Running on the leaderboard held-out test set
We require two months or more between runs on the leaderboard test set. We will do our best to run within two weeks (usually we will run much faster). We will only post results on the leaderboard when an online description of the system is available. Testing on the leaderboard test set is meant to be the final step before publication. Under extreme circumstances, we reserve the right to limit running on the leaderboard test set to systems that are mature for publication.
We don't provide the unreleased test inputs publicly -- you will need to send your model code and scripts for inference. Your model should generate a prediction file in the format specified above (under "evaluation scripts").
Note about sampling a validation set
The training set contains many examples which use the same initial set of eight images. When selecting a validation set to use, we suggest enforcing that each unique image set does not appear in both the validation set and the training set used to update model parameters.
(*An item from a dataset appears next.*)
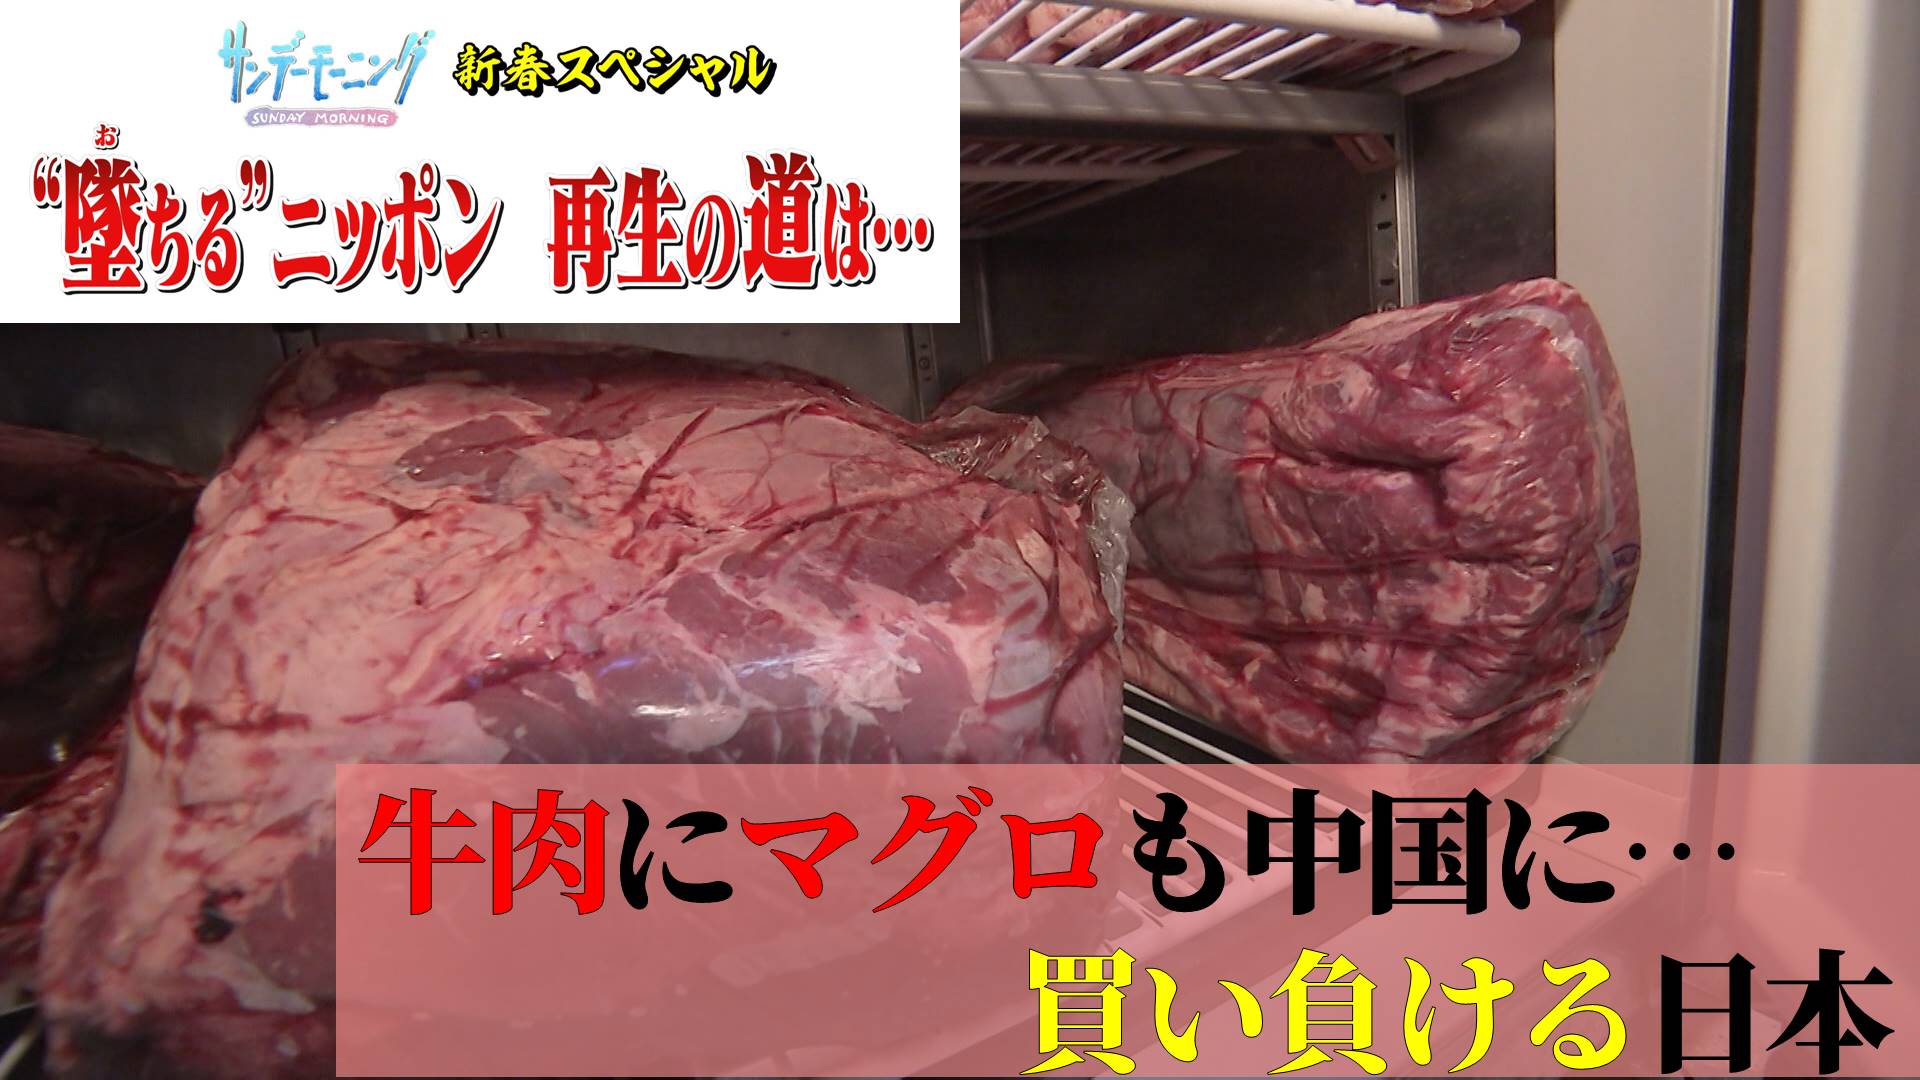 マグロ、牛肉…世界で起きる食料の調達競争に買い負けるニッポン

This research was supported by the NSF (CRII-1656998), a Facebook ParlAI Research Award, an AI2 Key Scientific Challenges Award, Amazon Cloud Credits Grant, and support from Women in Technology New York. This material is based on work supported by the National Science Foundation Graduate Research Fellowship under Grant No. DGE-1650441. We thank Mark Yatskar and Noah Snavely for their comments and suggestions, and the workers who participated in our data collection for their contributions.
* The ArXiv version has two minor errors: (a) Table 7, consistency of Text on Test-U should be 4.6, not 4.8; (b) Figure 1, bottom image pair should be the same as the image pair in Figure 2e. We will update the ArXiv version as soon as we are able to.